Danielson v. DuPage Area Vocational Educ. Auth.

Decision Date19 April 1984
Docket NumberNo. 83 C 7047.,83 C 7047.
Citation595 F. Supp. 27
PartiesCarol DANIELSON, et al., Plaintiffs, v. DuPAGE AREA VOCATIONAL EDUCATION AUTHORITY, Defendant.
CourtU.S. District Court — Northern District of Illinois

Lawrence Jay Weiner, Weiner, Neuman & Spak, Chicago, Ill., for plaintiffs.

S. Bennet Rodick, Stanley Eisenhammer, Robert Kohn, Robbins, Schwartz, Nicholas, Lifton & Taylor, Ltd., Chicago, Ill., for defendant.

MEMORANDUM OPINION AND ORDER

GETZENDANNER, District Judge:

This civil rights action is before the court on the motion to dismiss of defendant DuPage Area Vocational Education Authority ("DAVEA"). Plaintiffs are seven women now employed by DAVEA, suing on their own behalf and not as class representatives. The four-count complaint contains claims based on both federal and state law. Count I alleges that DAVEA discriminated against plaintiffs on account of their sex by giving them "less compensation and other terms and conditions of employment than males performing equal, comparable, or equivalent duties or functions." (Complaint ¶ 5.) This discrimination occurred "from the time of the initial placement and during the course of all subsequent employment by DAVEA .... (Id.) Relief in Count I is based on alleged violations of the Civil Rights Act of 1964, 42 U.S.C. § 2000e, et seq. ("Title VII"), and the Civil Rights Act of 1871, 42 U.S.C. § 1983. Count II is based on the same underlying facts but bases its claim for relief on a violation of the Fair Labor Standards Act, 29 U.S.C. § 206(d)(1) ("Equal Pay Act"). Counts III and IV are the pendent state claims which reincorporate the same factual allegations of the federal claims. Count III alleges a violation of The School Code, Ill.Rev.Stat., ch. 122, ¶ 24-7, and count IV alleges a violation of the Illinois Constitution. DAVEA has moved to dismiss all claims for lack of subject matter jurisdiction and for failure to state a claim upon which relief could be granted. Fed.R. Civ.P. 12(b)(1) and (6). In addition, DAVEA moves to strike plaintiffs' claims for punitive damages.

Counts I and II

DAVEA first argues that the court lacks subject matter jurisdiction over the Title VII and Equal Pay Act claims. DAVEA asserts that plaintiffs have not sufficiently alleged the exhaustion of administrative remedies, nor have they alleged that they filed their charge before the EEOC within 180 days after the last discriminatory act.

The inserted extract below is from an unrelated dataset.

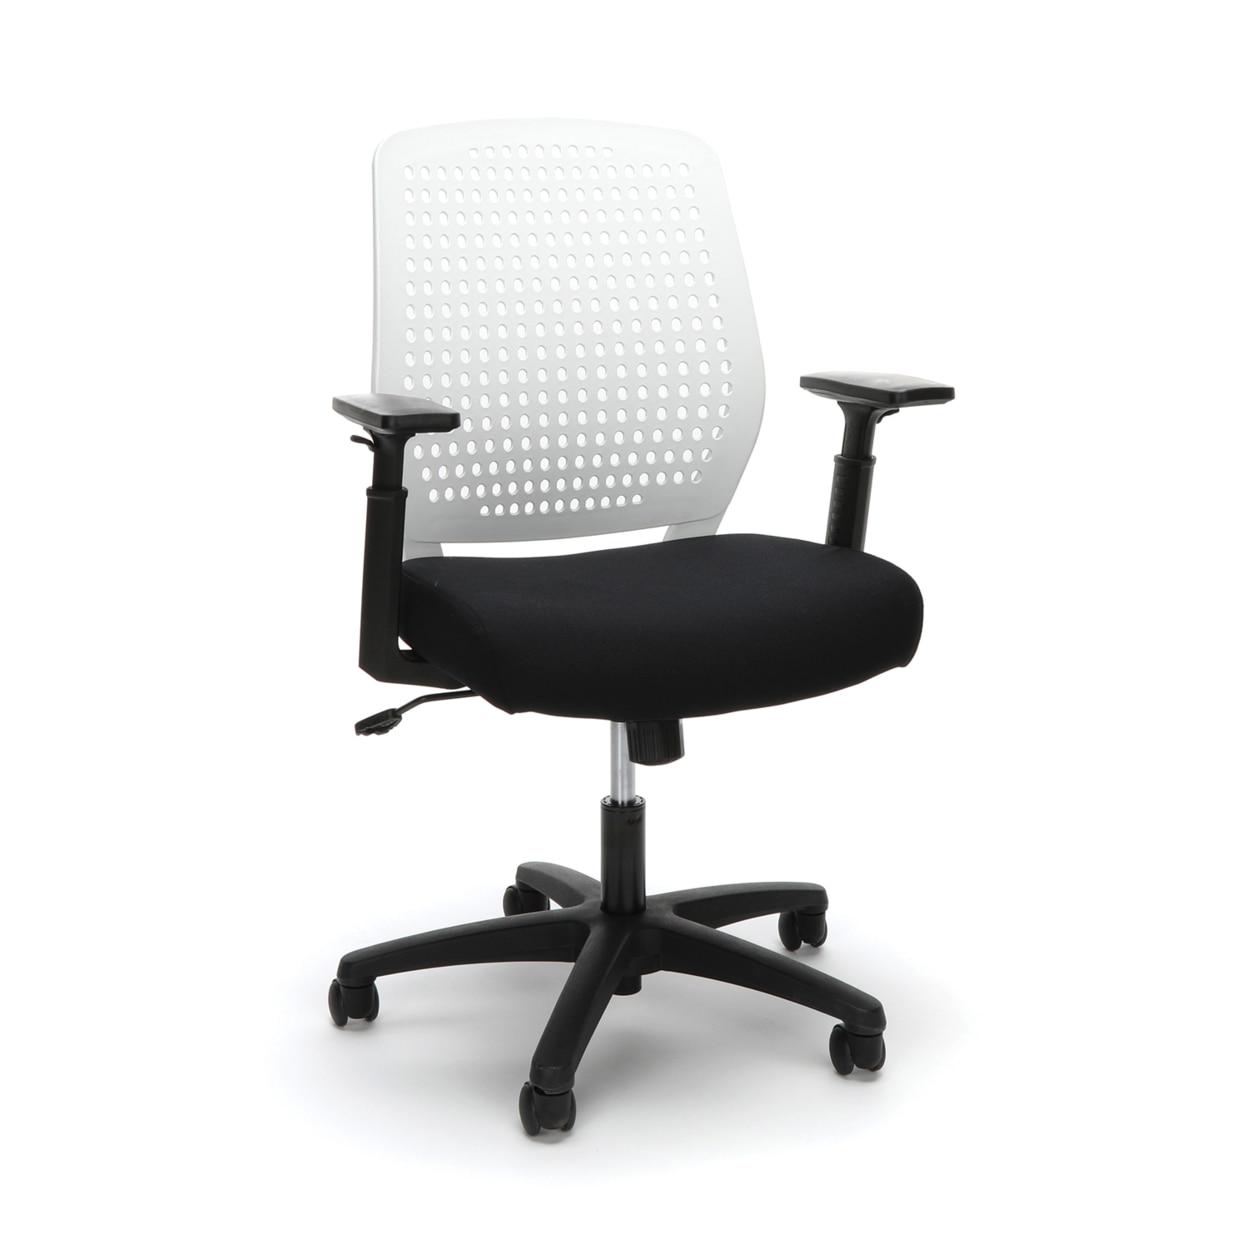 Модель ESS-2055 основы по модели Пластик назад эргономичный стул

The allegations relating to exhaustion on the Title VII charge areas follows:

Each plaintiff has filed a Charge of Discrimination before the Equal Employment Opportunity Commission, has received a Right to Sue letter therefrom, and has instituted this action within 90 days from the date of said Right to Sue letter, thereby exhausting all statutory and administrative procedures prerequisite to instituting this action.

(Complaint Ct. I, ¶ 7.) The exhaustion allegations to the Equal Pay Act claim are substantially the same as the above, with the addition that "each of the plaintiffs has given her consent in writing to become a party to this action. Said consents are attached to the Complaint." (Complaint Ct. II, ¶ 7.) The right to sue letters are issued by the Attorney General's office, 42 U.S.C. § 2000e-5(f)(1) and are dated July 12, 1983, eighty-seven days before the suit was filed on October 7, 1983.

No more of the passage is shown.